Our key requirements were that feed content would be stored locally for searchablity and favoriting, feed processing would occur in the background to keep our web servers from having being preoccupied with long running feed processing tasks, feeds would be refreshed depending on the frequency that new content is available so that we can keep our fetching to a minimum while also getting the latest content for our users, and Javascript and other undesirable markup would be removed from the feed entries before display to the user. The end result was an integration of our Python web backend determining which feeds should be reloaded at a given time; a cronjob that polls our web backend for the feeds and inserts tasks to fetch the feeds into Amazon’s Simple Queue Service (SQS); and a NodeJS/CoffeeScript service that polls SQS for feed tasks, processes their content, and posts the new content back to our web backend.

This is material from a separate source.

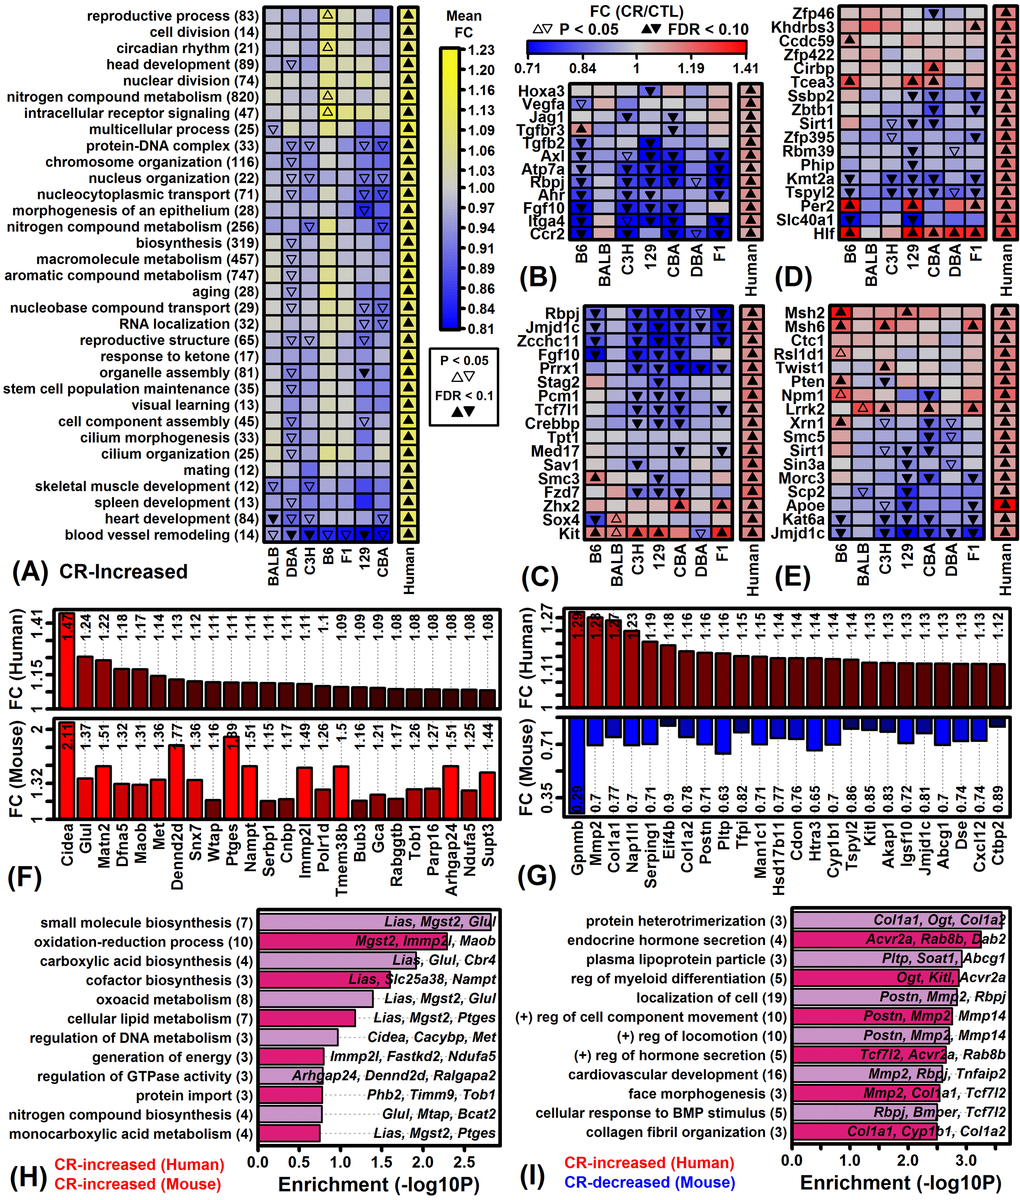 Genes increased by CR in humans and Gene Ontology-based mouse comparison. (A) GO BP terms most strongly enriched among genes increased by CR across 28 human experiments. (B) Genes associated with blood vessel remodeling (GO:0001974). (C) Genes associated with stem cell population maintenance (GO:0019827). (D) Genes associated with biosynthetic process regulation (GO:0009889). (E) Genes associated with aging (GO:0007568). (F) Genes most strongly increased by CR in humans and mice. (G) Genes increased by CR in humans but decreased in mice. In (F) and (G), color-coded bars show average FC estimates in humans (top) and mice (bottom). Average FC estimates are listed within each figure. (H) GO BP terms enriched among 70 genes increased by CR in humans and mice. Genes were increased by 5% on average in humans (FDR I) GO BP terms enriched among 115 genes increased by CR in humans but decreased by CR in mice. Genes were increased by 5% on average in humans (FDR 
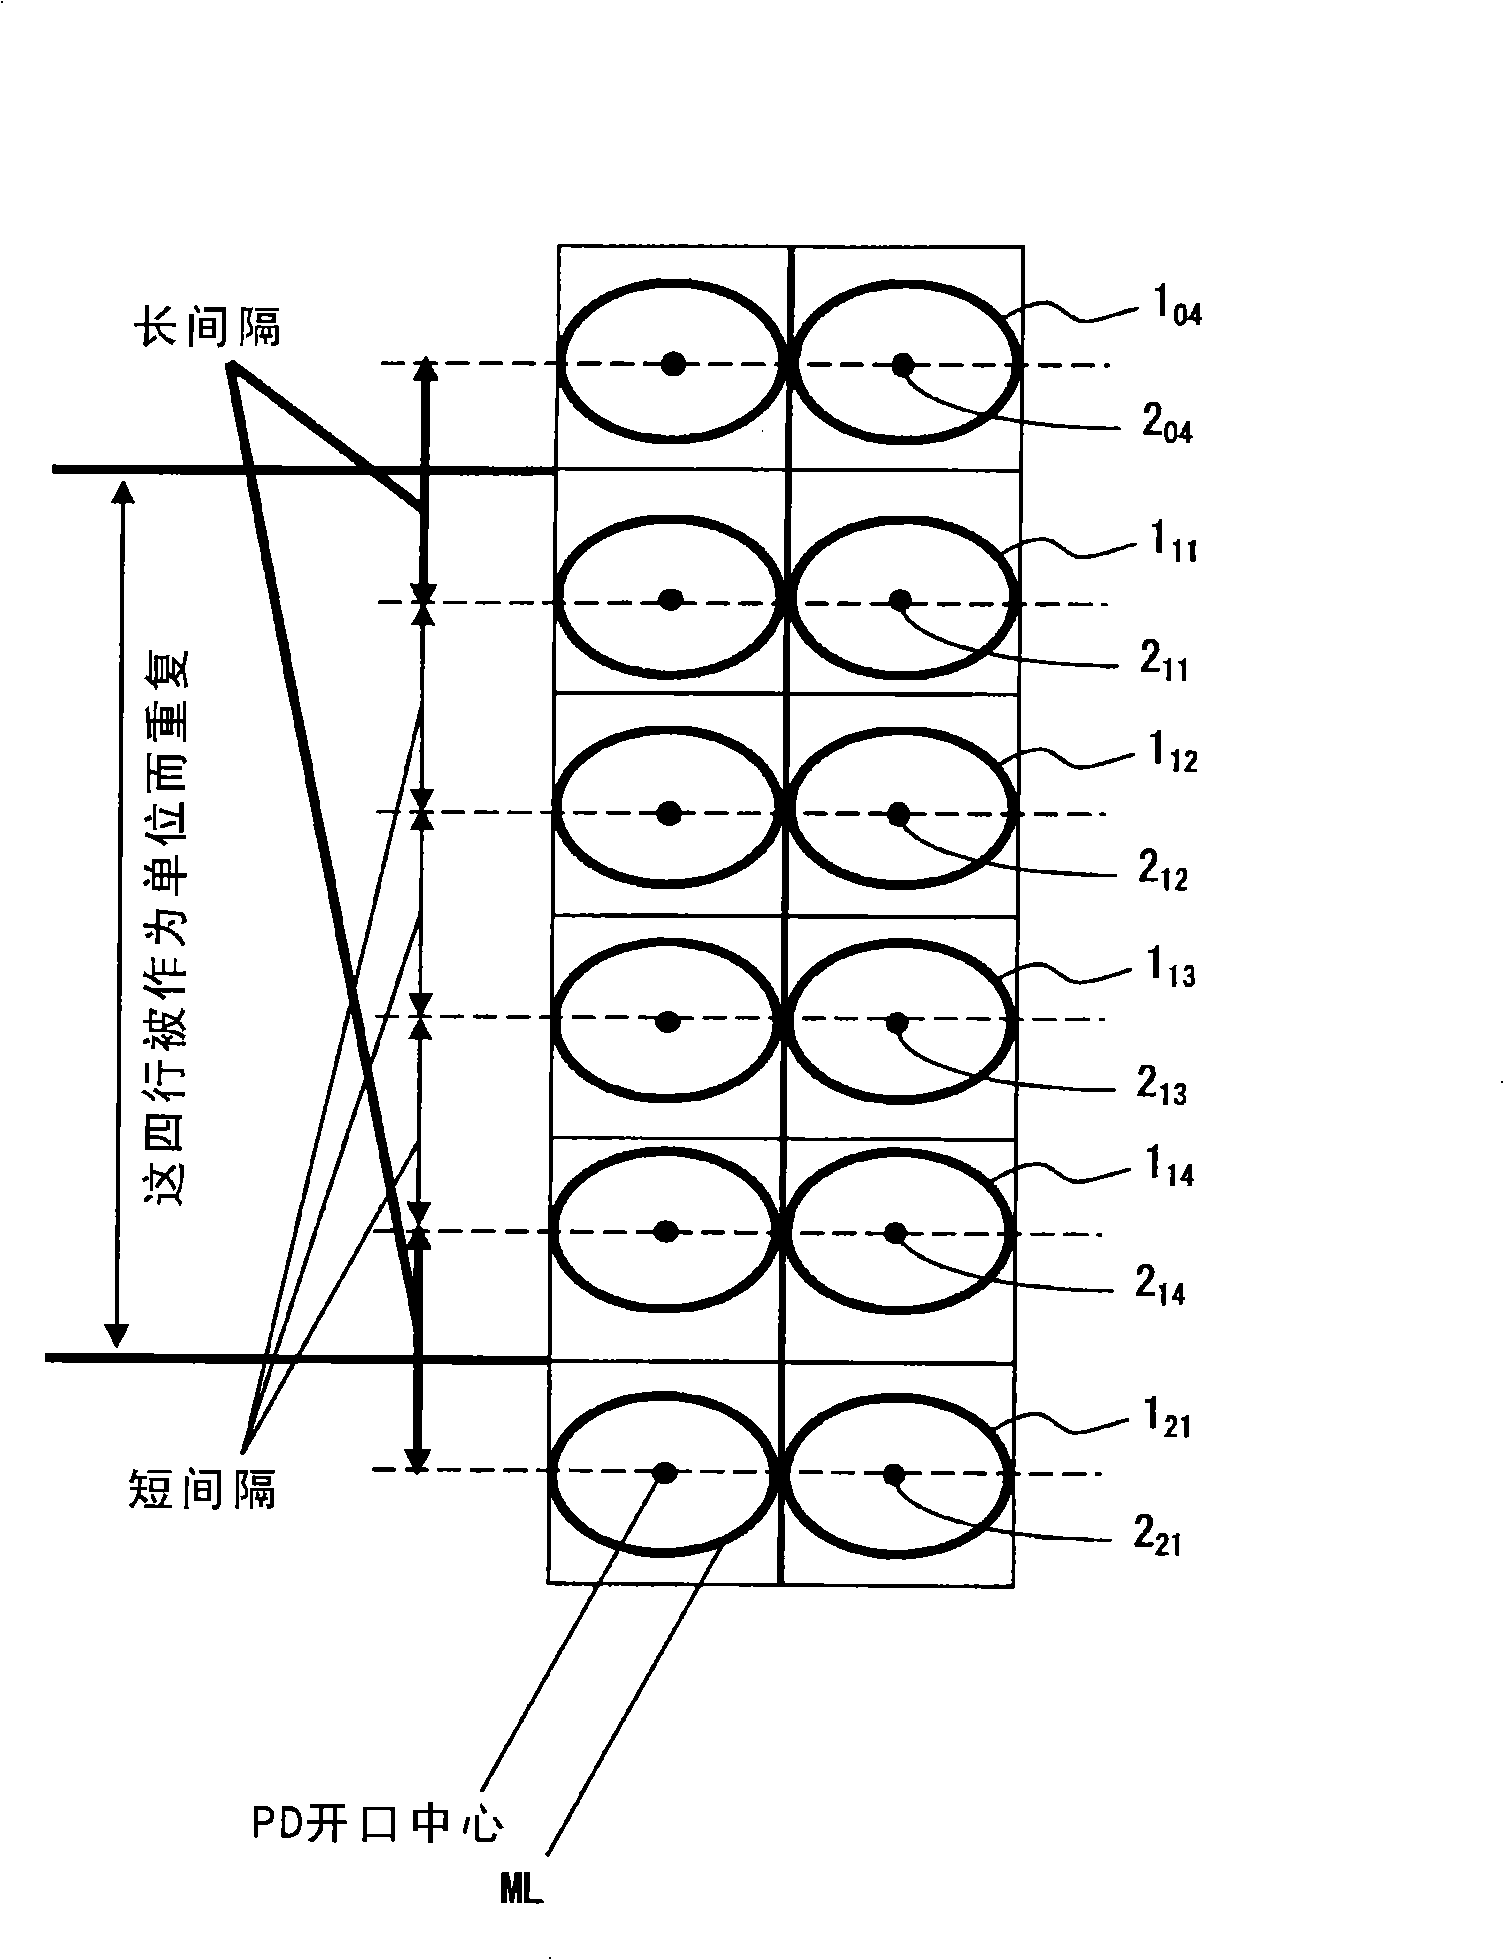 Solid state image sensing device

Another project that spun off from the feed processing service was our thumbnailing system. We find and extract a suitable image from each entry in the feed content and generate a thumbnail to display in our app. We ran into some difficulties performing thumbnailing reliably as part of the feed processing task on NodeJS. This was because thumbnailing took significantly more time than processing the feed itself and handling both tasks separately while making sure that thumbnails still got connected to the correct feed entry proved very difficult to implement. I built a scalable thumbnailing generation service in Java using Amazon’s Simple Workflow Service and Flow Framework (which is part of the Java SDK).

This service takes one or more URLs from the feed processing system via HTTP POST to a round-robin DNS entry, creates a loading placeholder for the thumbnail, fetches an image from each URL, filters these images based on a “thumbnail specification”, scales the selected image, and stores the final thumbnail in S3 (another amazon service). Amazon’s workflow service allows the system to scale to an extent that I doubt we’ll reach. The service is currently fetching, analyzing, resizing, and storing about 12,000 thumbnail images every 24 hours, on two servers that could likely handle several times that amount. It’s been pretty fun to build this system and see it actually work. Very exciting!

This post has gotten quite long, so I will have to dig into more depth about some of these things in future posts. I’ve had a great time as part of Saltbox team and I am really thankful of the opportunity its been so far.